THE PROBLEM:
Before you return the lines below, strip out any images and keep every word as written.

GIVEN INFORMATION:
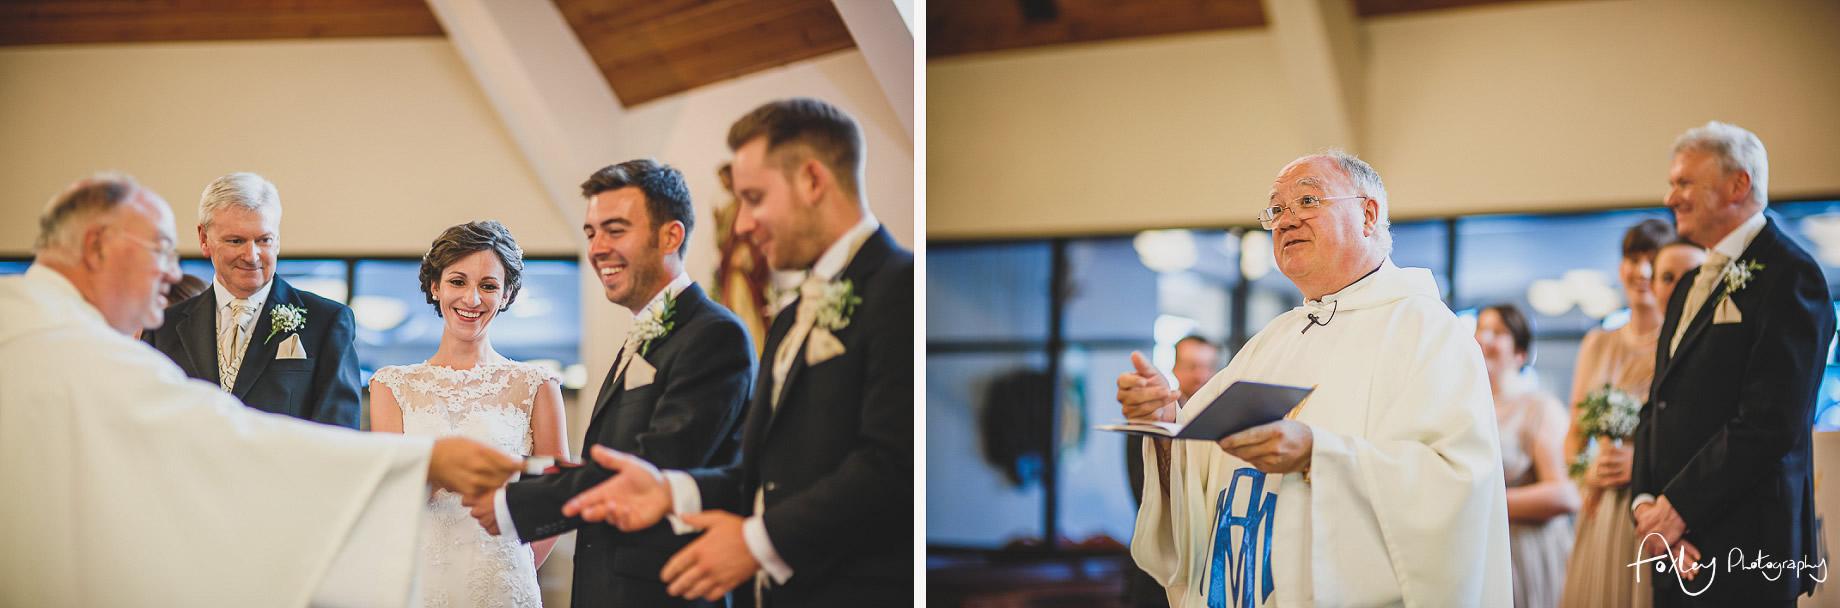 Rebecca and Dan Wedding at Preston Marriott Hotel 060
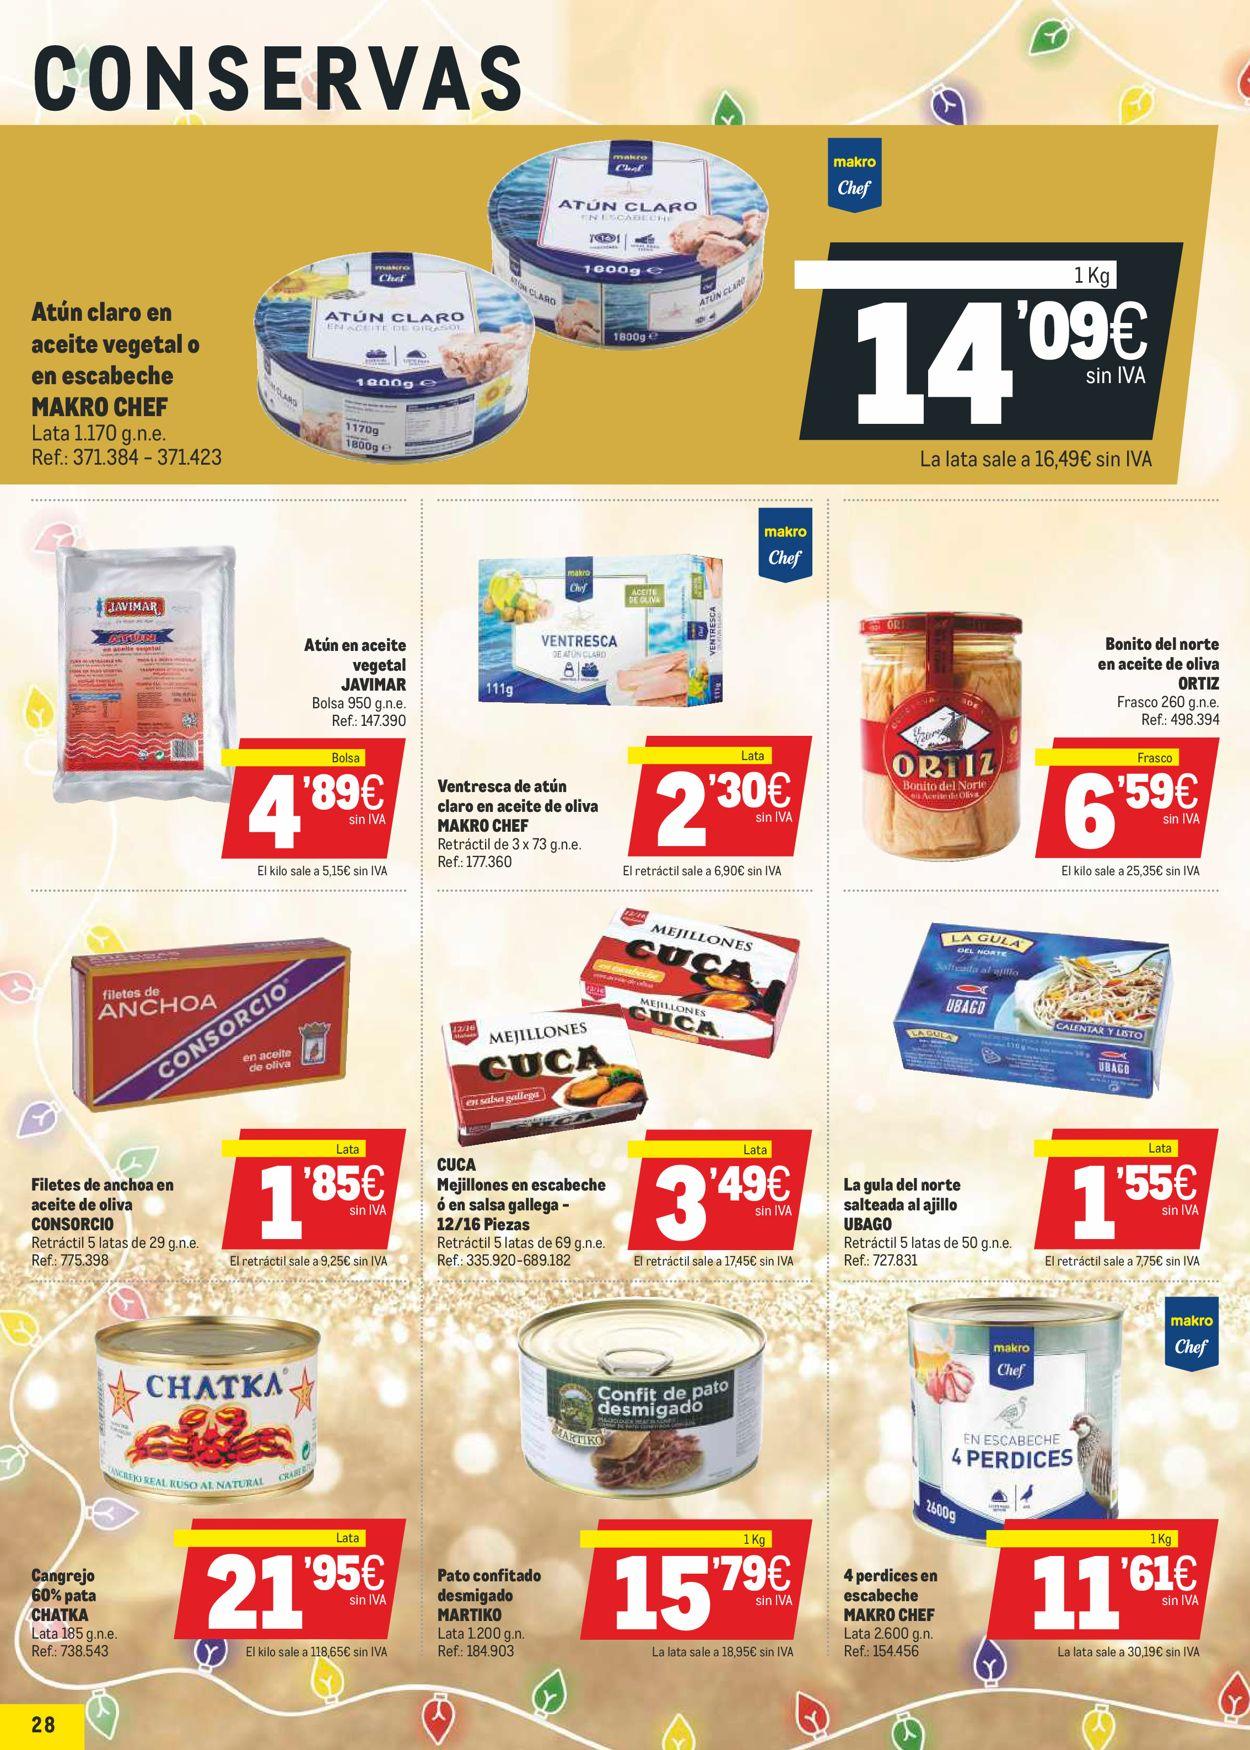 Makro La Navidad Mas Gastro 2020 Folleto - 17.12-05.01.2021 (Página 28)
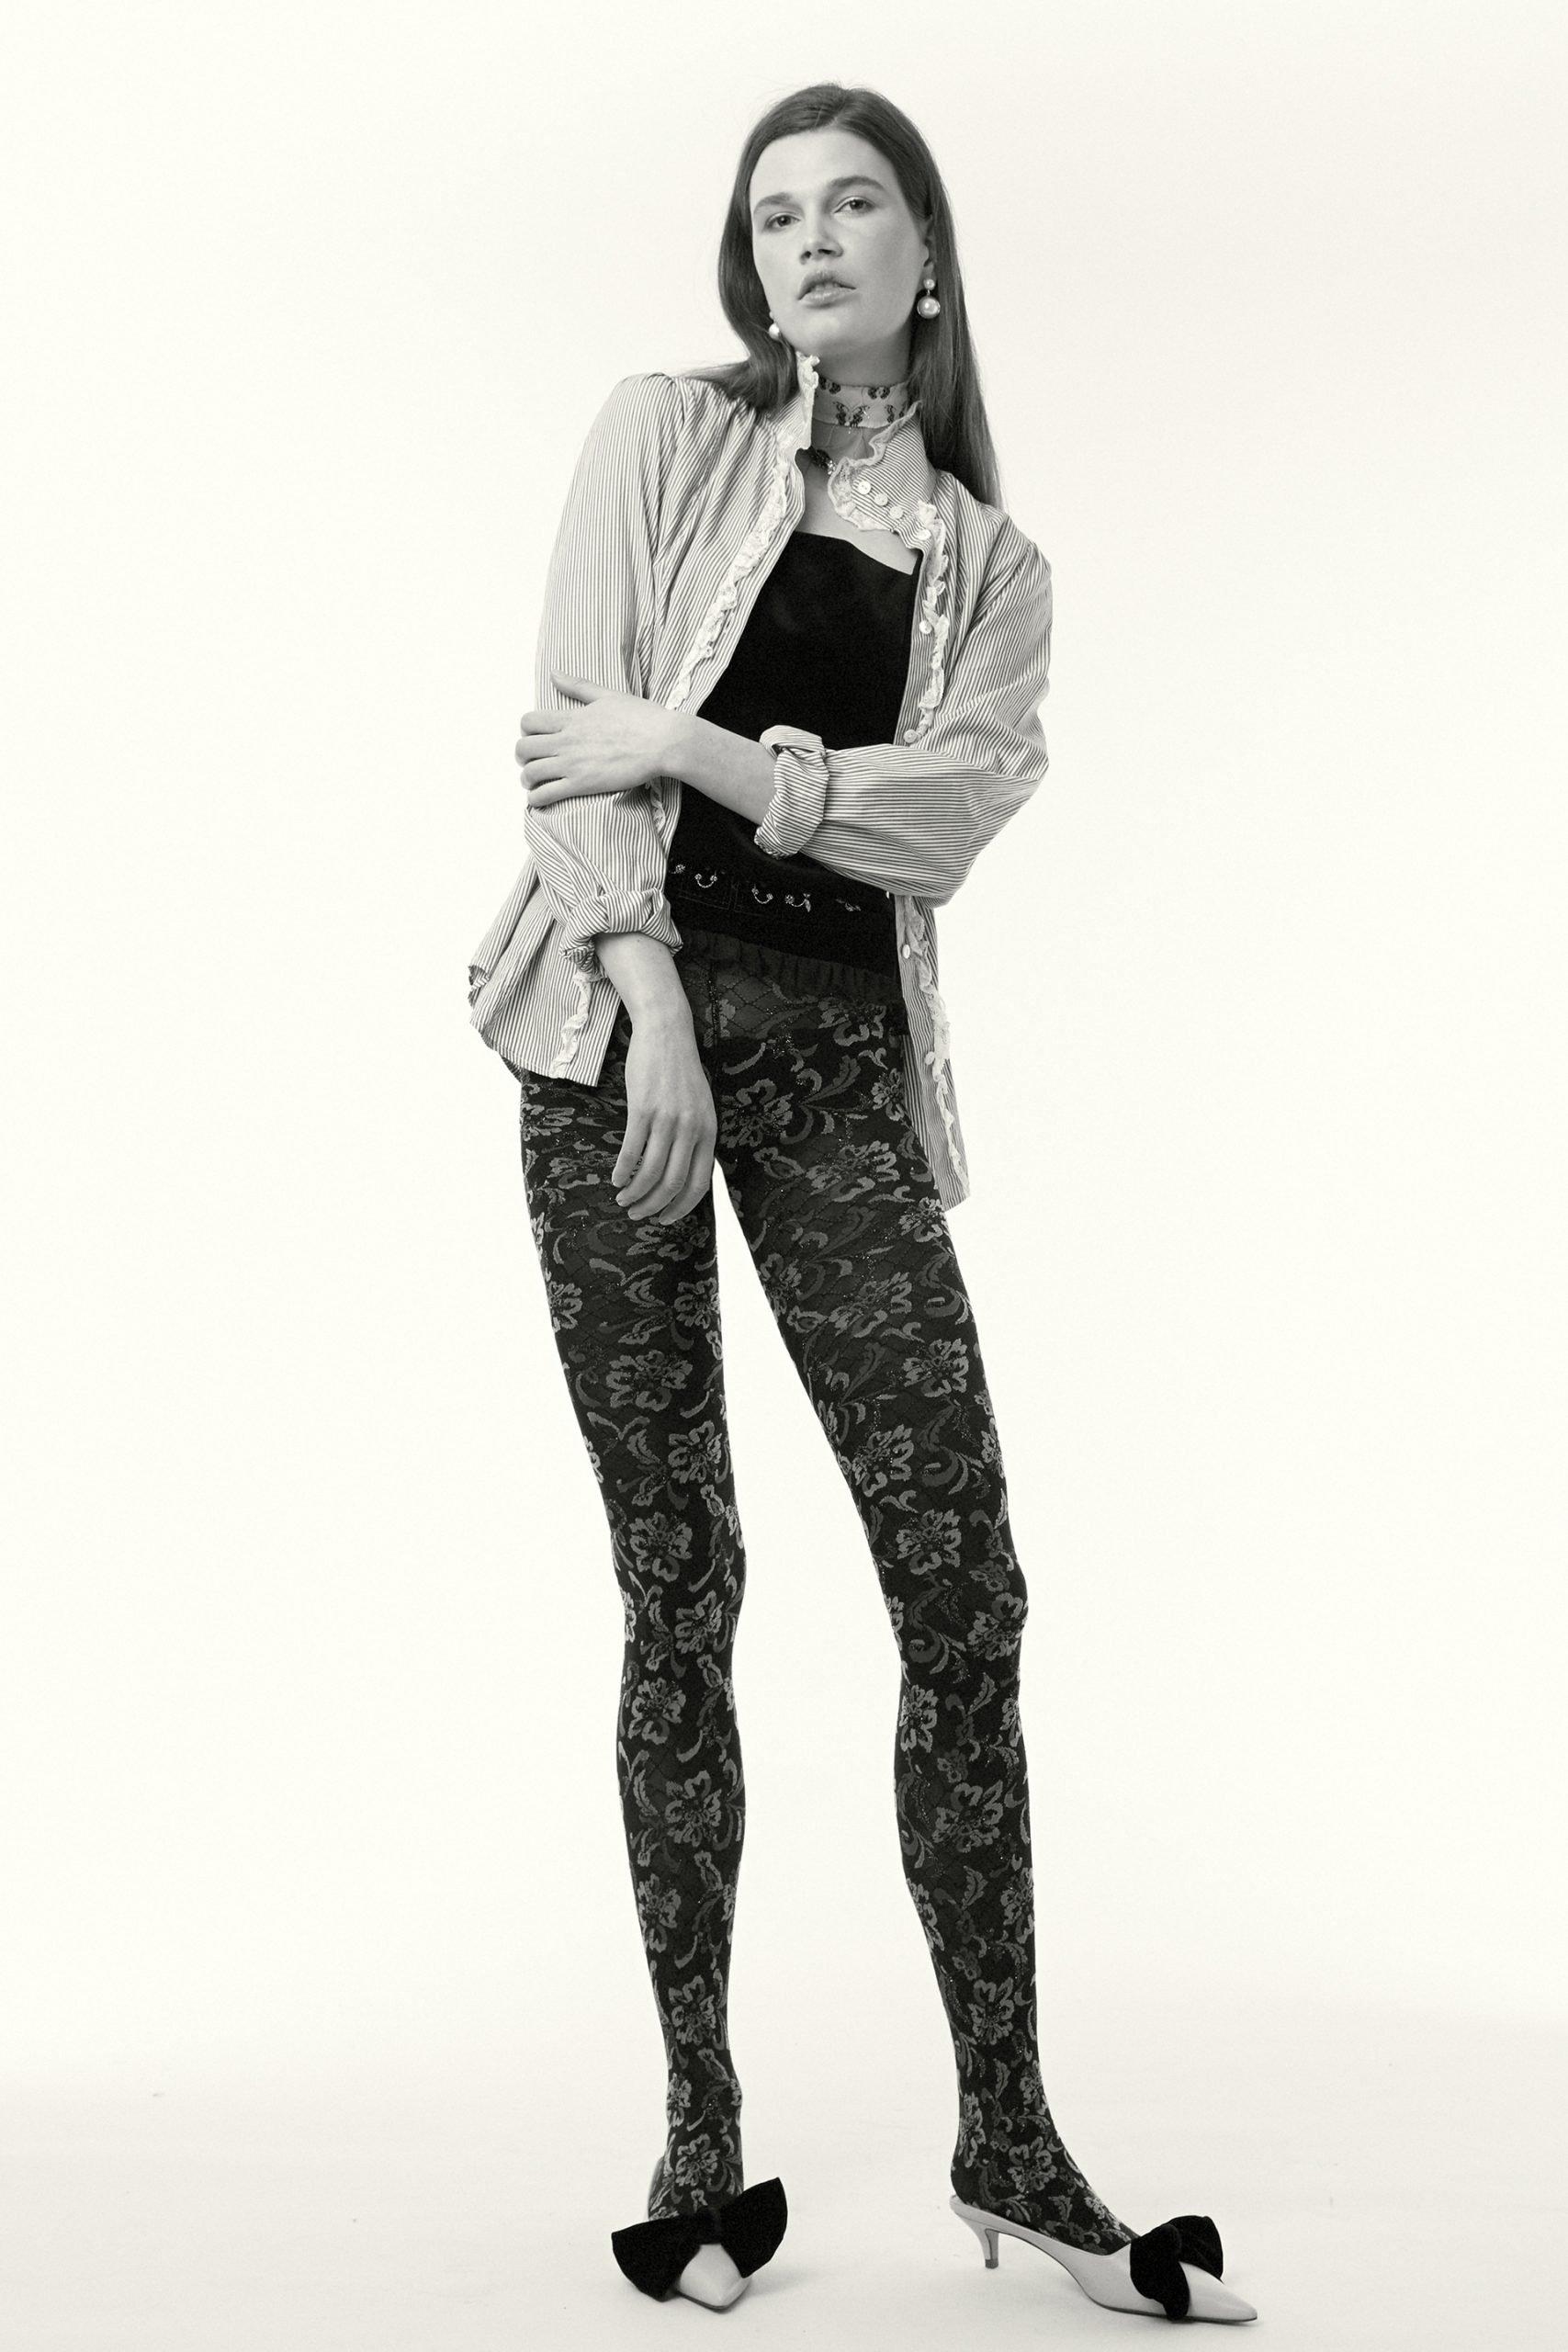 editoriale moda, mirko pedone, fotografia ,styling,

EXERCISE ANSWER:
 Rebecca and Dan Wedding at Preston Marriott Hotel 060
 Makro La Navidad Mas Gastro 2020 Folleto - 17.12-05.01.2021 (Página 28)
 editoriale moda, mirko pedone, fotografia ,styling,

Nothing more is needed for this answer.